"""

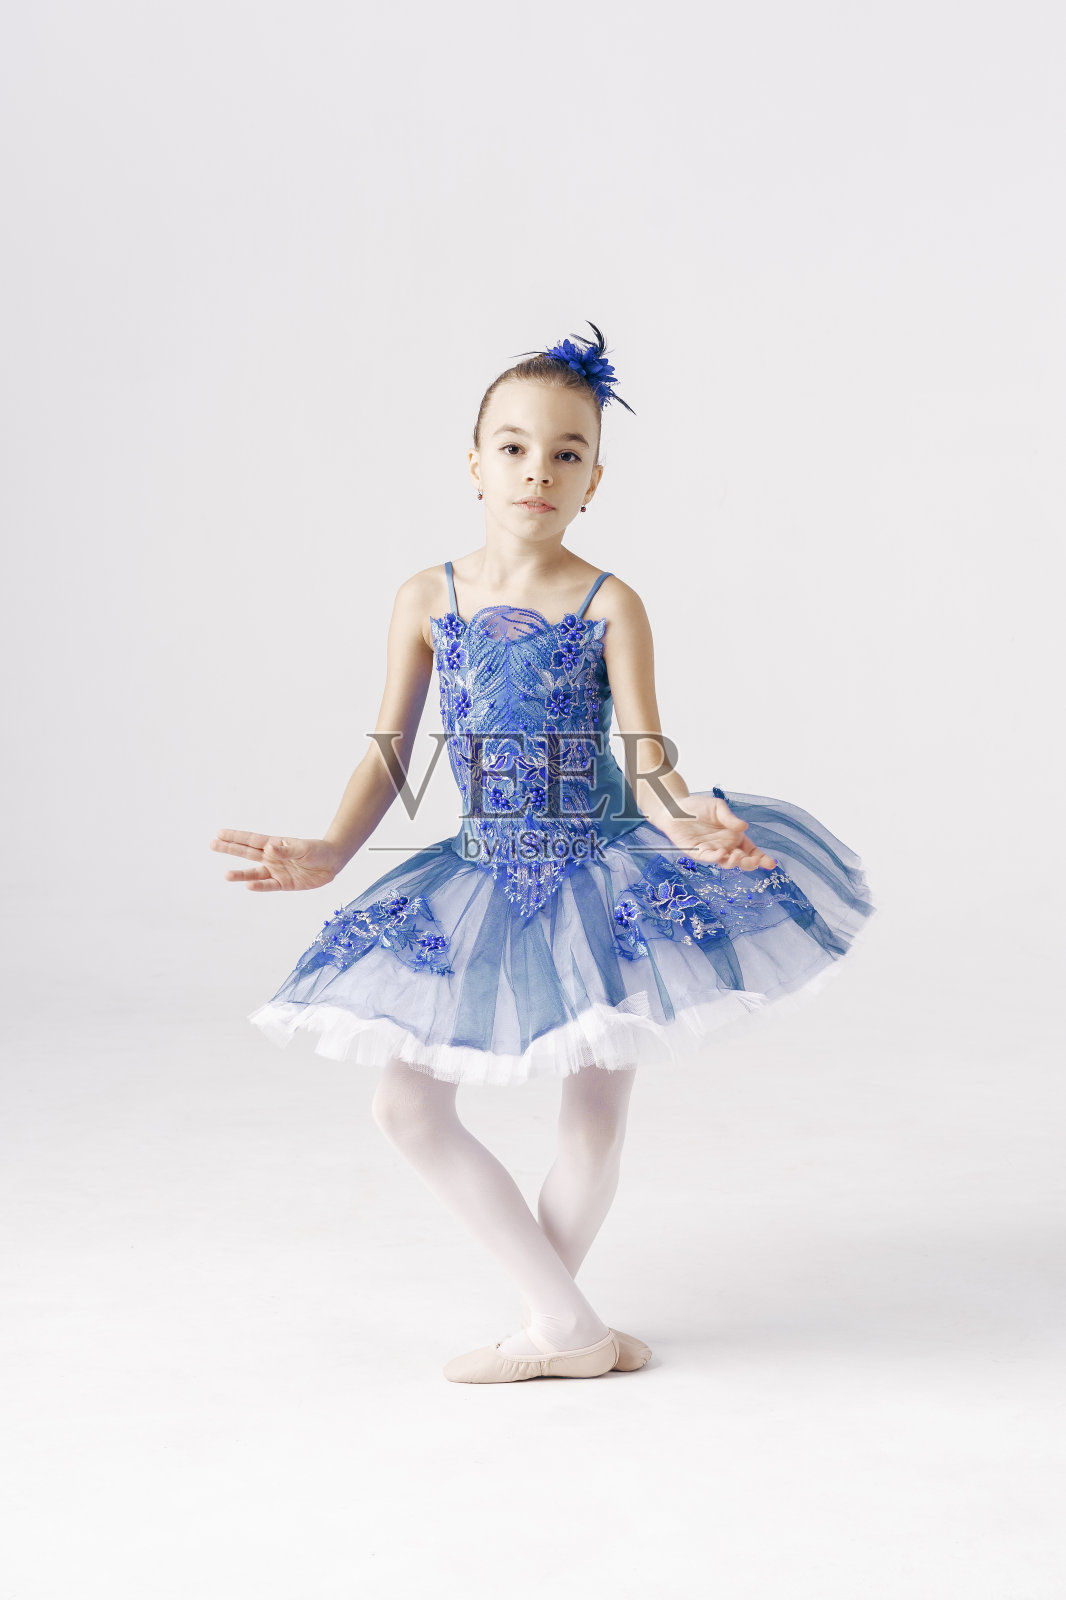 芭蕾舞少女童话般的美丽在白色的背景照片摄影图片
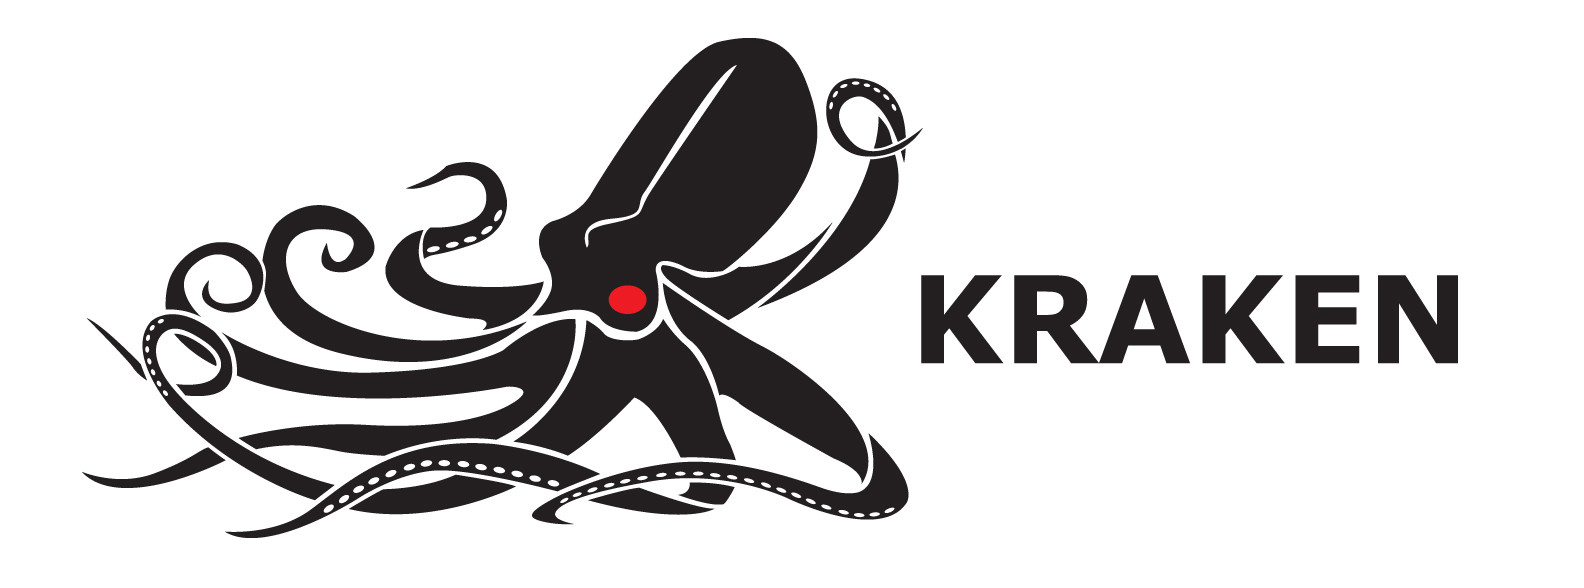 MEMBER NEWS: Kraken Announces Changes to Board of Directors
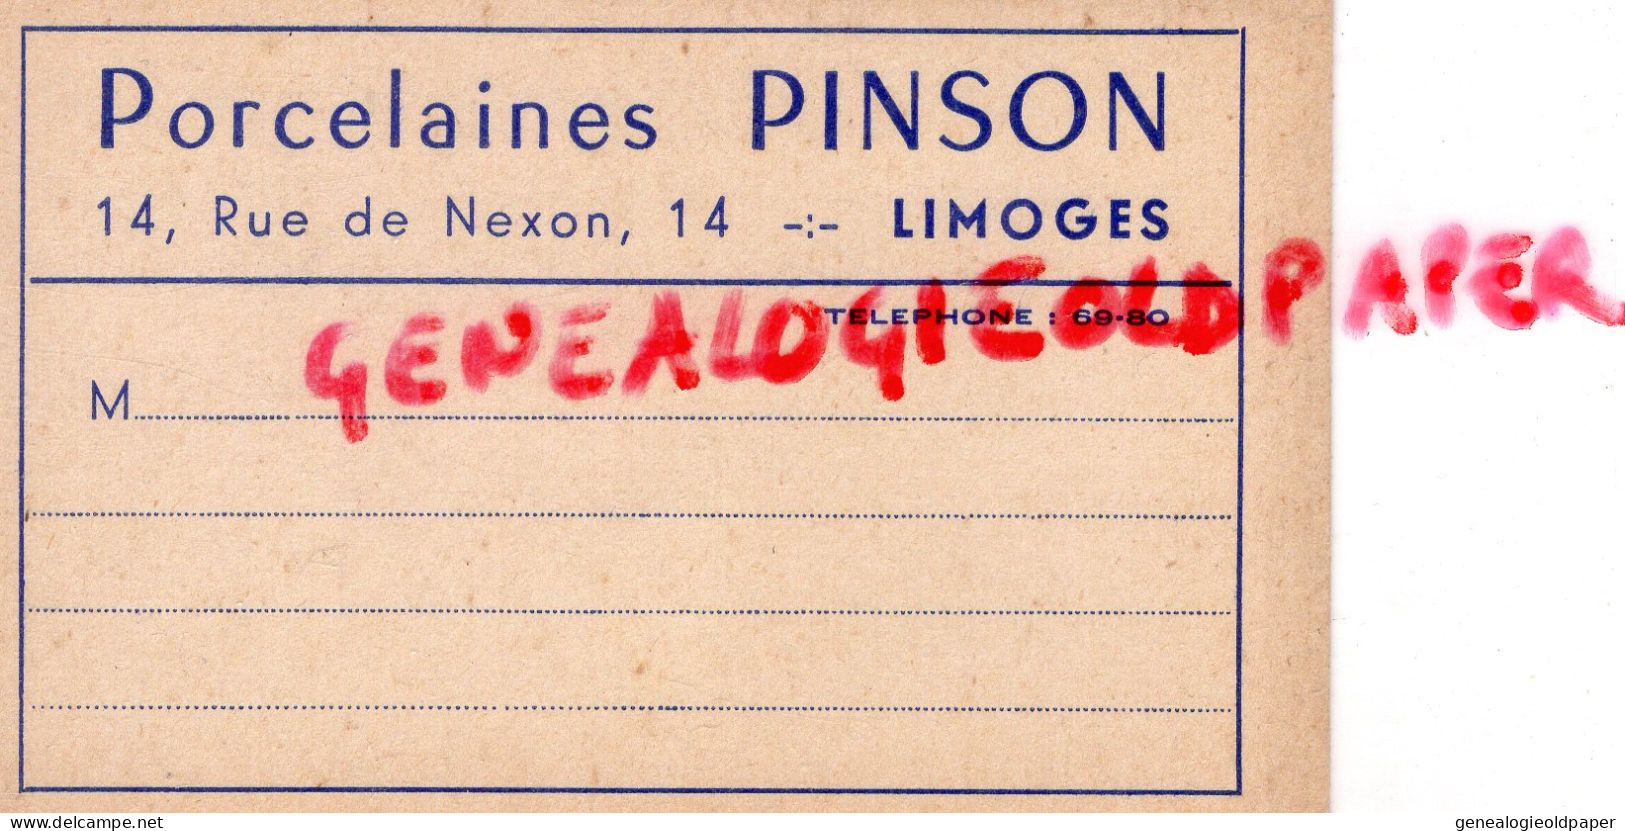 87- LIMOGES- CARTE COMMERCIALE CARTON RIGIDE PORCELAINES PORCELAINE PINSON - 14 RUE DE NEXON - Cartes De Visite

"""

Output the data exactly. Pictures don't belong in the result.

== Finished task ==
 芭蕾舞少女童话般的美丽在白色的背景照片摄影图片
 MEMBER NEWS: Kraken Announces Changes to Board of Directors
 87- LIMOGES- CARTE COMMERCIALE CARTON RIGIDE PORCELAINES PORCELAINE PINSON - 14 RUE DE NEXON - Cartes De Visite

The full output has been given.